Sofia Olofsson / Dec 11, 2025

What if artificial intelligence looks at your language — and sees nothing?

For millions of people, this is not a metaphor. It is the daily reality of interacting with AI systems that simply do not understand the language people use to participate in public life.

Today’s most advanced AI models perform impressively in English and a handful of dominant languages, while hundreds of others remain almost entirely invisible. And when AI cannot understand a language, it cannot reliably inform, protect or empower the people who speak it — especially in civic and democratic spaces where accuracy matters the most.

This is not a niche fairness issue but rather a growing democratic fault line.

A new divide

For decades, the digital divide was defined by access to internet connectivity. But a new divide is now emerging across connected societies: the divide between the languages AI can “see” and those it can’t. And it’s widening fast.

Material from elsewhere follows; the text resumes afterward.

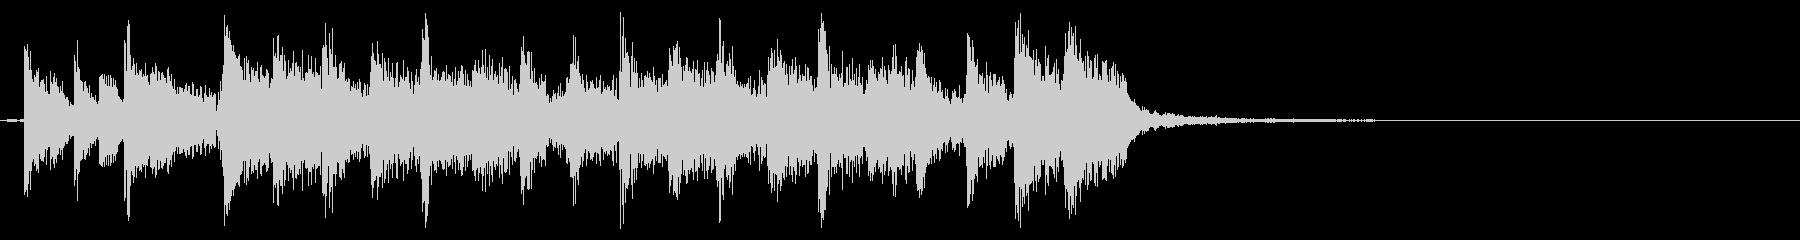 オールドスクールなロック系アイキャッチの未再生の波形

The newly released SAHARA benchmark evaluated 517 African languages across a range of AI tasks. The results were stark: English performs near the top of every task, while many African languages — including those spoken by millions, such as Fulfulde, Wolof, Hausa, Oromo, and Kinyarwanda — consistently cluster among the lowest performers across reasoning, generation, and classification tasks.

The discrepancy appears to have little to do with linguistic complexity. The SAHARA benchmark attributes these gaps to uneven data availability — languages with sparse or incomplete digital datasets consistently score lower, even when they are linguistically straightforward. This reflects decades of underinvestment in datasets, documentation and digital infrastructure. When a model has no training data for a language, they do not degrade gracefully. Research on multilingual AI shows markedly higher hallucination rates in low-resource languages, along with well-documented tendencies to amplify stereotypes and misclassify dialect or culturally specific content.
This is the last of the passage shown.